Spark RDD API解析及实战

import org.apache.spark.{HashPartitioner, SparkConf, SparkContext}

import scala.collection.mutable.ArrayBuffer

object RDDTest {
  def main(args: Array[String]): Unit = {
    val sc = new SparkContext(new SparkConf().setAppName("matrix T").setMaster("local"))//得到SparkContext


    /***
      * map[U:ClassTag](f:T=>U):RDD[U]
      * 通过函数f将元素类型为T的集合转为元素类型为U的集合。TU可以相同
      */
    val rdd1 = sc.parallelize(1 to 10)
    val rdd2 = rdd1.map(_*2)
    rdd2.foreach(println)
    println("-----------------------------------------------------")

    val rdd3 = rdd1.map{x=>
      x + 3
    }
    rdd3.foreach(println)
    println("-----------------------------------------------------")

    val rdd4 = rdd1.map{x=> "No." + x}
    rdd4.foreach(println)
    println("-----------------------------------------------------")

    /***
      * flatMap[U:ClassTag](f:T=>TraversableOnce[U]):RDD[U]
      * 类似于map,但是在元素遍历处理时返回的是多个元素,最终返回MapPartitionsRDD类型的RDD
      */
    val rdd5 = sc.textFile("hdfs://pc1:9000/input/chenjie.txt")
    /**
      * rdd5:
      * hello my name is chenjie
      * i come from shanghai university
      * thank you
      */
    val lines = rdd5.flatMap { line =>
      println("执行一次flatMap,line=" + line + ",拆分成:" + line.split(" "))
      line.split(" ")
    }
    /**
      * 执行一次flatMap,line=hello my name is chenjie,拆分成:[Ljava.lang.String;@5bd160c3
      * 执行一次flatMap,line=i come from shanghai university,拆分成:[Ljava.lang.String;@65203f1f
      * 执行一次flatMap,line=thank you ,拆分成:[Ljava.lang.String;@13c84074
      *
      *
      * "hello my name is chenjie"              =>    ["hello","my","name","is","chenjie"]
      * "i come from shanghai university"       =>    ["i","come","from","shanghai","university"]
      * "thank you"                             =>    ["thank","you"]
      * 压扁                                     =>    ["hello","my","name","is","chenjie","i","come","from","shanghai","university","thank","you"]
      */
    lines.foreach(println)
    println("-----------------------------------------------------")

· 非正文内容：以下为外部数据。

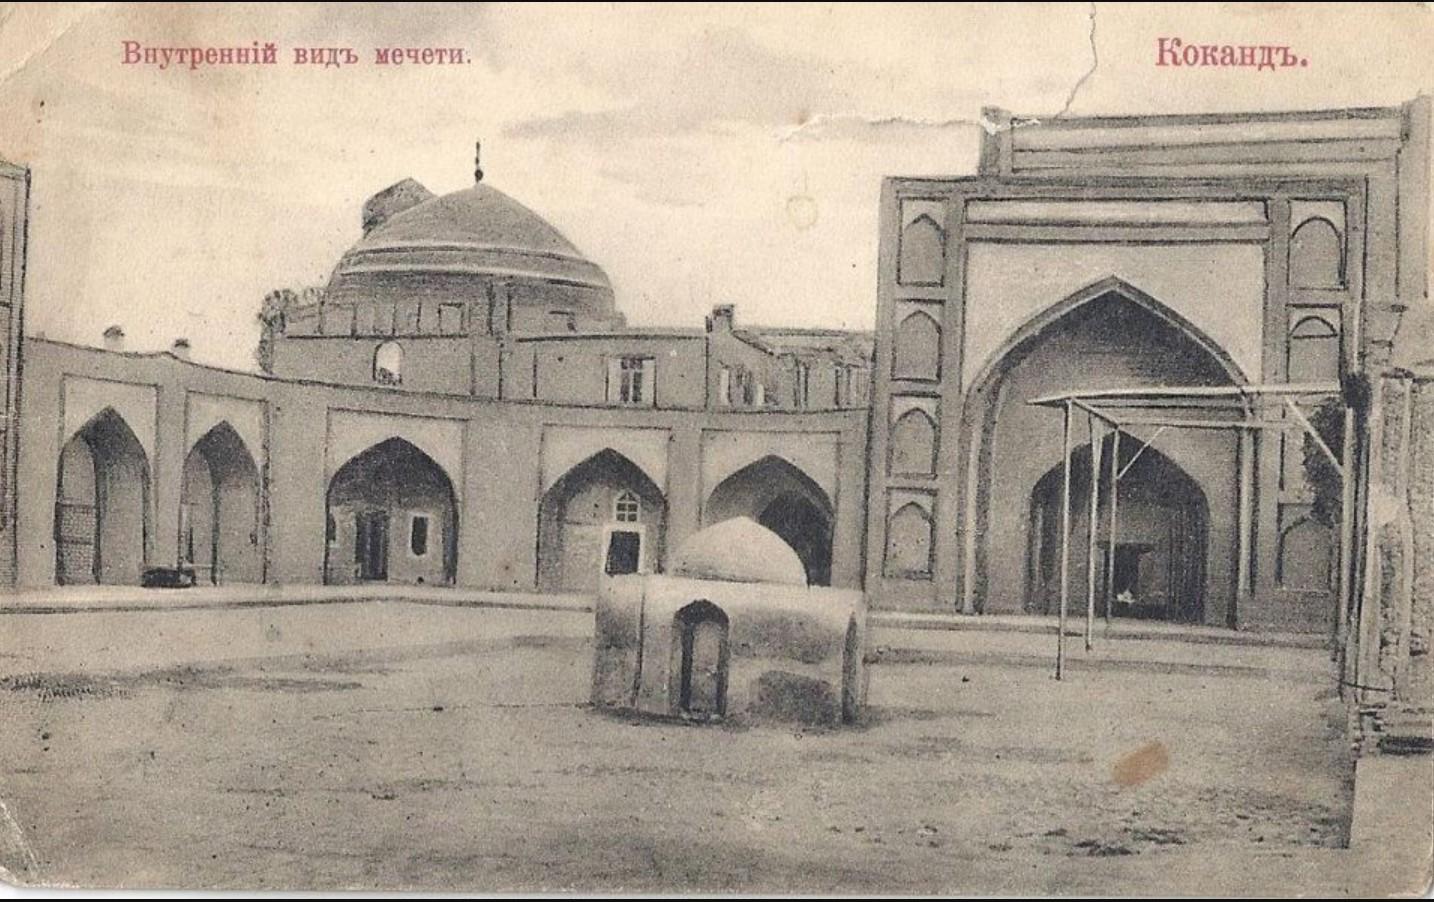 Внутренний вид мечети

    val chars = rdd5.flatMap{line =>
      //必须返回多个元素
      //Array(line.charAt(0),line.charAt(line.size-1))

      import scala.collection.mutable.ArrayBuffer
      val arrayBufferChar = ArrayBuffer[Char]()
      arrayBufferChar += line.charAt(0)
      arrayBufferChar += line.charAt(line.size-1)
      arrayBufferChar
    }
    chars.foreach(println)
    println("-----------------------------------------------------")


    /***
      * filter(f:T=>Boolean):RDD[T]
      * 传入的函数要求返回值是Boolean类型,过滤剩下返回值为true的元素
      */
    val rdd6 = sc.parallelize(1 to 10)
   // val filterRDD = rdd
    val rdd7 = rdd6.filter(_%2==0)
    rdd7.foreach(println)
    println("-----------------------------------------------------")

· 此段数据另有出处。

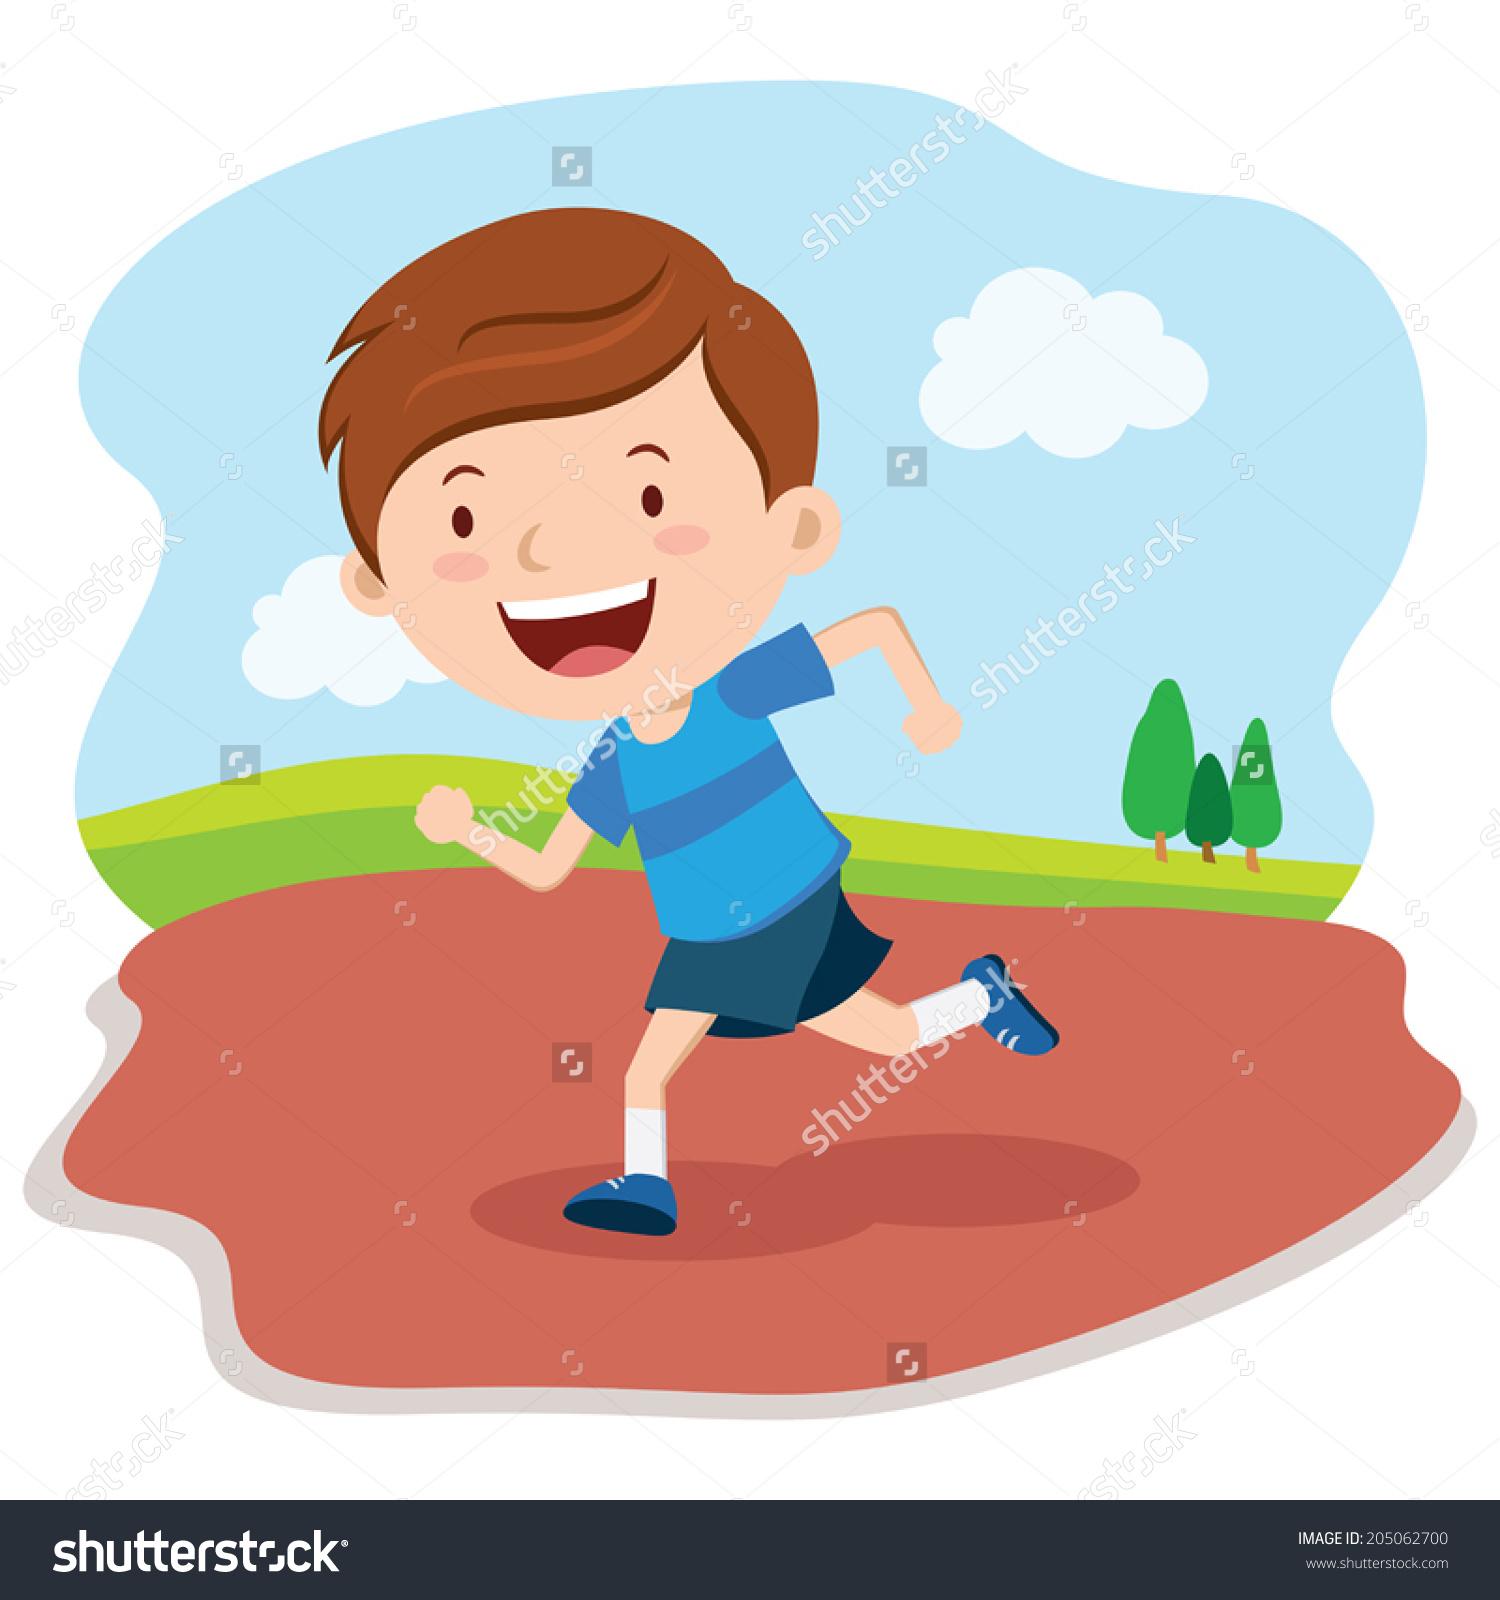 25+ Boy Running Clipart.

    val rdd8 = rdd6.filter(x=>
      if(x > 3 && x < 7)
        true
      else
        false
    )
    rdd8.foreach(println)
    println("-----------------------------------------------------")


    /***
      * mapPartitions[U:ClassTag](f:Iterator[T]=>Iterator[U],preservesPartitioning:Boolean = false):RDD[U]
      */
    val rdd9 = sc.parallelize(1 to 10)
    val rdd10 = rdd9.mapPartitions(iter=>iter.filter(_>3))
    rdd10.foreach(println)
    println("-----------------------------------------------------")

    val rdd11 = rdd9.mapPartitions(iter=>
      iter.filter(x=>
        x<5
      )
    )

    /***
      * glom():RDD[Array[T]]
      * 将每个分区转化为数组
      */

    val rdd12 = sc.parallelize(1 to 10)
    val rdd13 = rdd12.glom()//[[1],[2],[3],[4],[5],[6],[7],[8],[9],[10]]
    //Array[Array[Int]]
    rdd13.foreach(_.foreach(println))
    println("-----------------------------------------------------")


    /***
      * distinct(numPartitions:Int)(implicitord:Ordering[T]=null):RDD[t]
      * RDD中每个partitioner内部重复的元素去掉
      */
    val rdd14 = sc.parallelize(Array(1,2,2,2,2,2,4,5,6,7,7,7,7,7,7,8,8,9))
    val rdd15 = rdd14.distinct(2)
    rdd15.foreach(println)
    println("-----------------------------------------------------")

    /***
      * cartesian[U:ClassTag](other:RDD[U]):RDD[(T,U)]
      * 在两个RDD之间,将各自的元素的笛卡尔积以内部元素类型为Tuple形式的RDD返回
      */
    val rdd16 = sc.parallelize(Array("A1","A2","A3"))
    val rdd17 = sc.parallelize(Array("B1","B2","B3"))
    val rdd18 = rdd16.cartesian(rdd17)
    rdd18.foreach(println)
    println("-----------------------------------------------------")


    /***
      * union(other:RDD[T]):RDD[T]
      * 合并
      */

    val rdd19 = rdd16.union(rdd17)
    rdd19.foreach(println)
    println("-----------------------------------------------------")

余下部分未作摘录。